It's funny I found this post.... I had almost considered the same change.. I kinda miss the ability to run USB etc even though the SQ loss through MP3 it was easier then swapping CD's all the time. I ended up getting the 6 disk changer with optical cable.. Now I really love this setup.. I got 2 cartridges so that helps also. Another thing would have been having HD Radio.


----------



## fish (Jun 30, 2007)

Since the 80 is at a lower price than the 800 was I wonder if the components are as good. I switched from the 800 go the DRZ & heard a pretty substantial difference, but the 800 still sounded dn good. The only thing that really erks me about the DRZ is the 18db slope crossovers. Why couldn't they used 24db? The 5 band PEQ is a nice tool if you know how to use it properly (I was intimidated by it).  I use the P01 now & love it! I have a trusty backup in the DRZ though.


----------



## ErinH (Feb 14, 2007)

P99/800prs/80prs all measure pretty much the same. 
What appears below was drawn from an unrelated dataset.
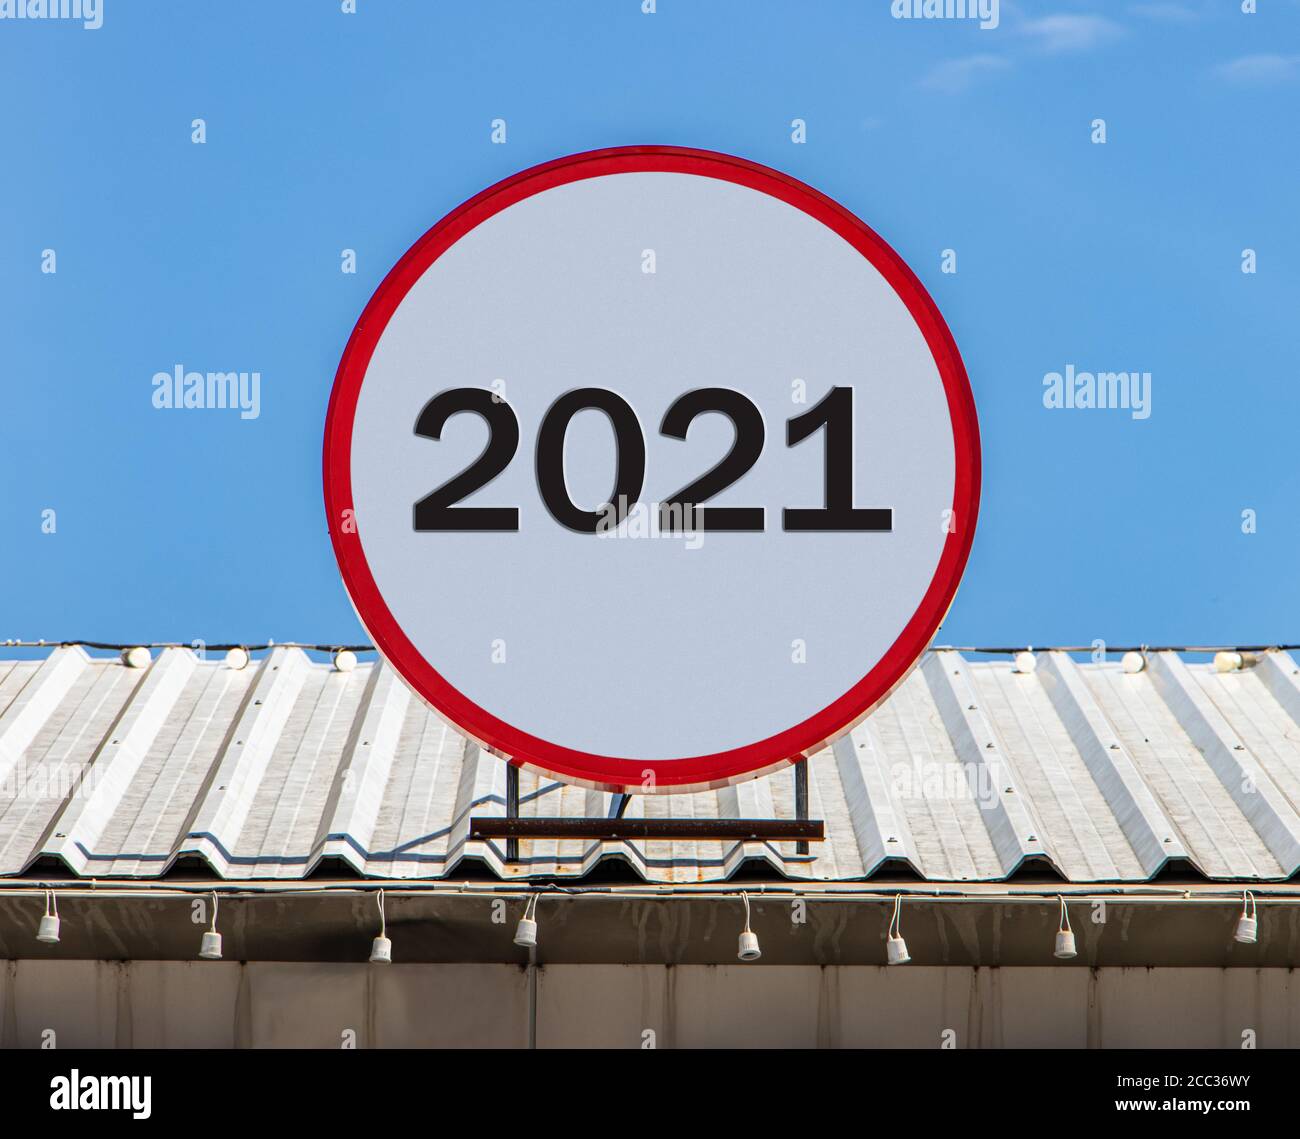 Eine Circle Plakatwand mit der Nummer 2021 ist auf einem Dach installiert. Gruß für das neue Jahr 2021. Stockfoto

Sent from my iPhone. Pardon the grammar.


----------



## texasman1973 (Feb 19, 2012)

ok captn. any reviews? what is your initial thoughts of the 80prs. are you happy?


----------



## Got-Four-Eights (Sep 10, 2011)

I just made the swap.. if you have a DRZ already.. don't make the swap. This unti doesn't sound near as warm as the DRZ.


----------



## t3sn4f2 (Jan 3, 2007)

Got-Four-Eights said:


> I just made the swap.. if you have a DRZ already.. don't make the swap. This unti doesn't sound near as warm as the DRZ.


In your biased sighted opinion.


----------



## Got-Four-Eights (Sep 10, 2011)

t3sn4f2 said:


> In your biased sighted opinion.


Biased.. Have you heard and compared the two with the same setup? I think its you guys who are biased based on a bunch of graphs that can't tell you how you will hear it. You must understand.. I WANTED this to be a great deck with great sound but it's simple no competition for the DRZ. I am keeping it anyways.. it is badass because of all the extra functions.. SD, dual USB, ipod control, pandora, and honestly I don't see why ppl think its ugly. It's a good looking deck. I think with enough seat time the tune will come but I am saying overall sound flat for flat... DRZ is just better. It's my opinion and I am entitled to it. If you don't like it that is fine but don't sit there and call me biased.. which really makes zero sense because I plan on selling the DRZ anyway and hope a DSP will makeup the difference.


----------



## t3sn4f2 (Jan 3, 2007)

Got-Four-Eights said:


> Biased.. Have you heard and compared the two with the same setup? I think its you guys who are biased based on a bunch of graphs that can't tell you how you will hear it. You must understand.. I WANTED this to be a great deck with great sound but it's simple no competition for the DRZ. I am keeping it anyways.. it is badass because of all the extra functions.. SD, dual USB, ipod control, pandora, and honestly I don't see why ppl think its ugly. It's a good looking deck. I think with enough seat time the tune will come but I am saying overall sound flat for flat... DRZ is just better. It's my opinion and I am entitled to it. If you don't like it that is fine but don't sit there and call me biased.. which really makes zero sense because I plan on selling the DRZ anyway and hope a DSP will makeup the difference.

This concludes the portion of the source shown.